In this article I want to share what I’ve learned, habits I’ve taken and changes I’ve made in relation to working as an “independent” (i.e. be a one person company). If you’re working on your own or if you’re planning to take the leap I hope that these writings can be of use.
Business Time and Client Time
The field in which you work or focus that you have influences the type of commitment that are commonly available when working as an independent. In my field for example, it is going to be more likely for me to work full-time on a project for a few weeks or months rather than half a day here for one client and half a day there for another one, etc. I think that when making the change from employee to independent it is easy to not see that the rules of the game have changed and to continue seeing client projects as the main “work”, forgetting that there are more things to running a sustainable (solo) business other than writing invoices and filing taxes.

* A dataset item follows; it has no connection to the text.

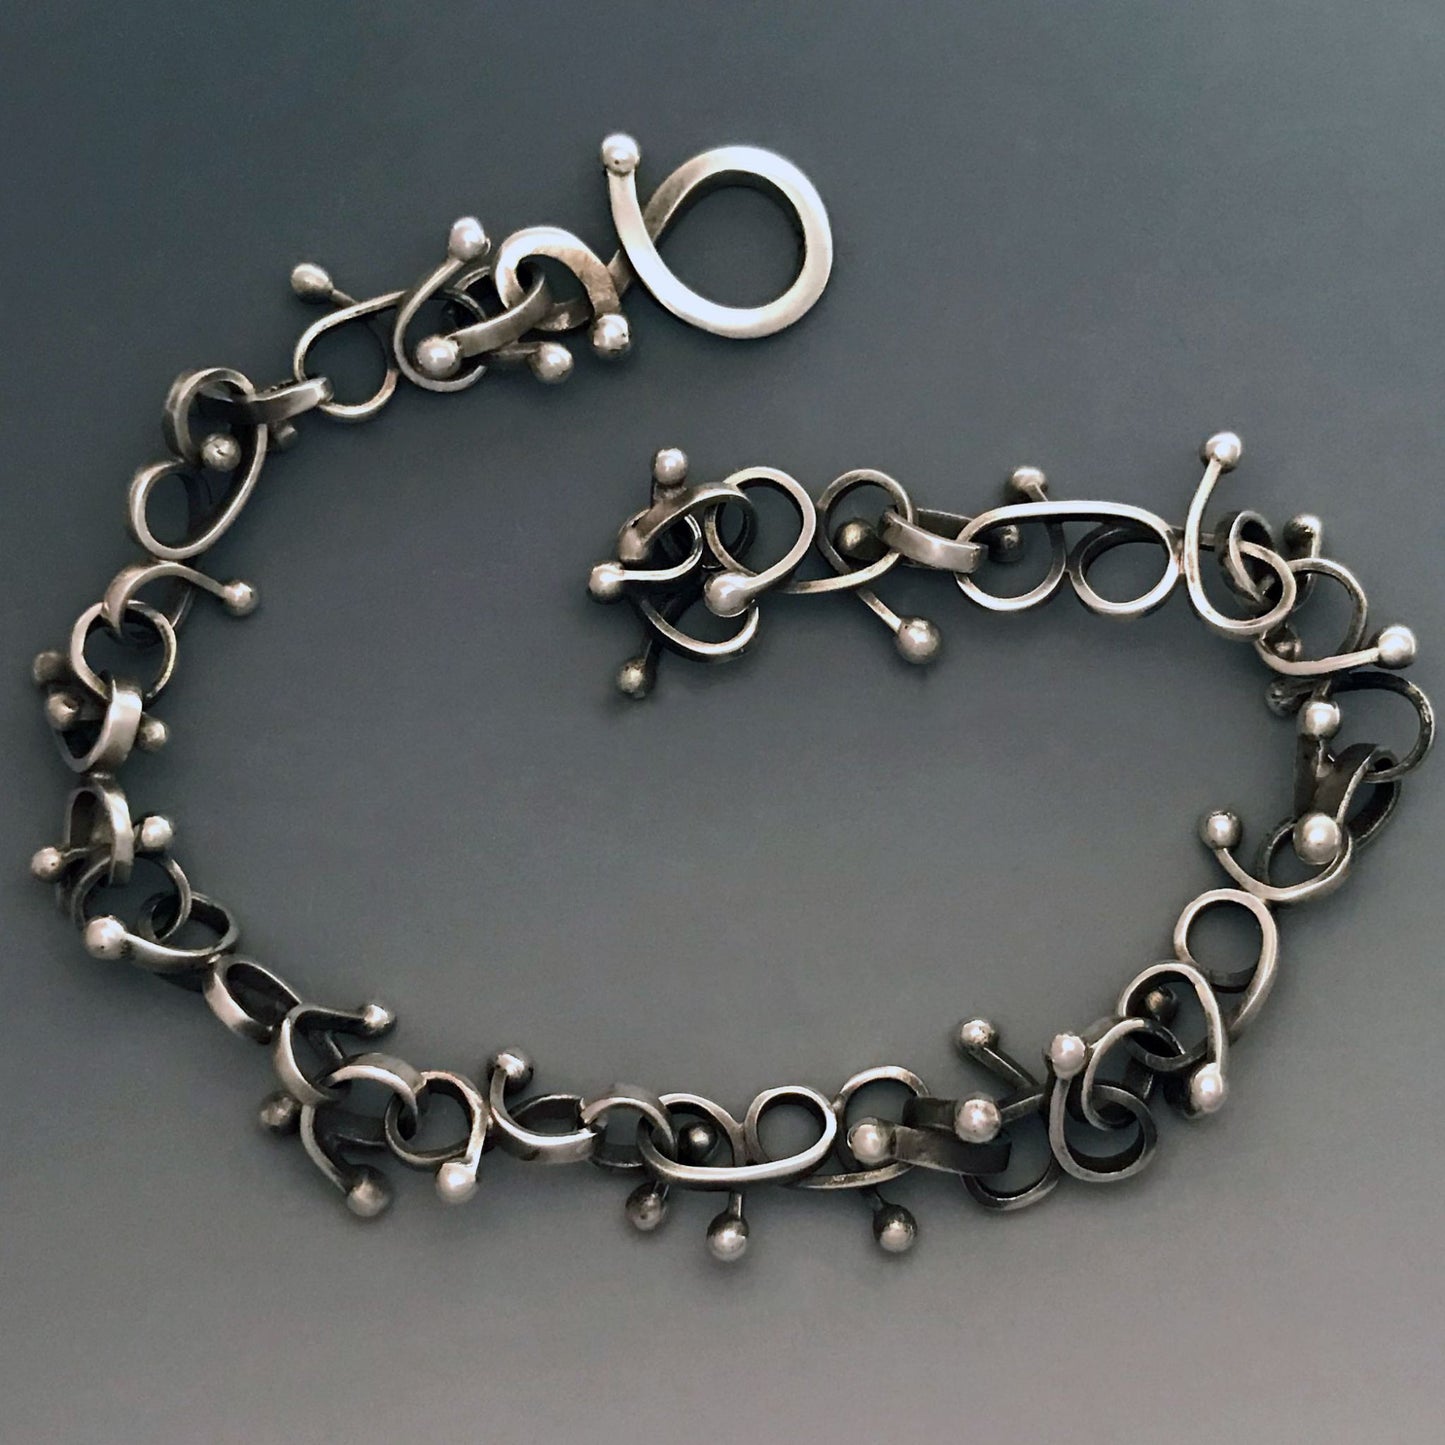 Modern silver chain bracelet By Suzanne Williams

What I mean by Business Time is therefore the set of activities that any business does but that larger businesses have entire departments busy with. Marketing, pre-sales, client relations (keeping in touch with former clients), finances, the list goes on. In the IT field it is relatively easy to say that you don’t really need all of that and that you work through an agency / head hunting company and if it works for you it is fine. I personally never have worked through an agency and don’t plan on doing so for as long as possible, I’ve found the practices and the worldview of these types of businesses in the IT industry to be somewhat off-putting.
As independent in the IT field, business life is a bit like the pendulum described by Schopenhauer “pain and boredom” – only that pain can be substituted by “too much work” and boredom by “no work at all”. It’s either 120% or not enough. Key to running a sustainable independent business is to keep doing all the “business” work whilst also working on client projects. This is difficult of course if the client commitments are full-time as this takes most of your time. So what to do?
Avoid client projects that will take 100% of your time available for work
If in any way possible, make it clear that you can’t be there for the entire duration of the week because hey, you also have to run a business on the side. If you’re in direct contant with the client this is I believe easier to achieve than when working through a recruitment agency, after all they also run a business and they completely understand that this means more than just working for their clients.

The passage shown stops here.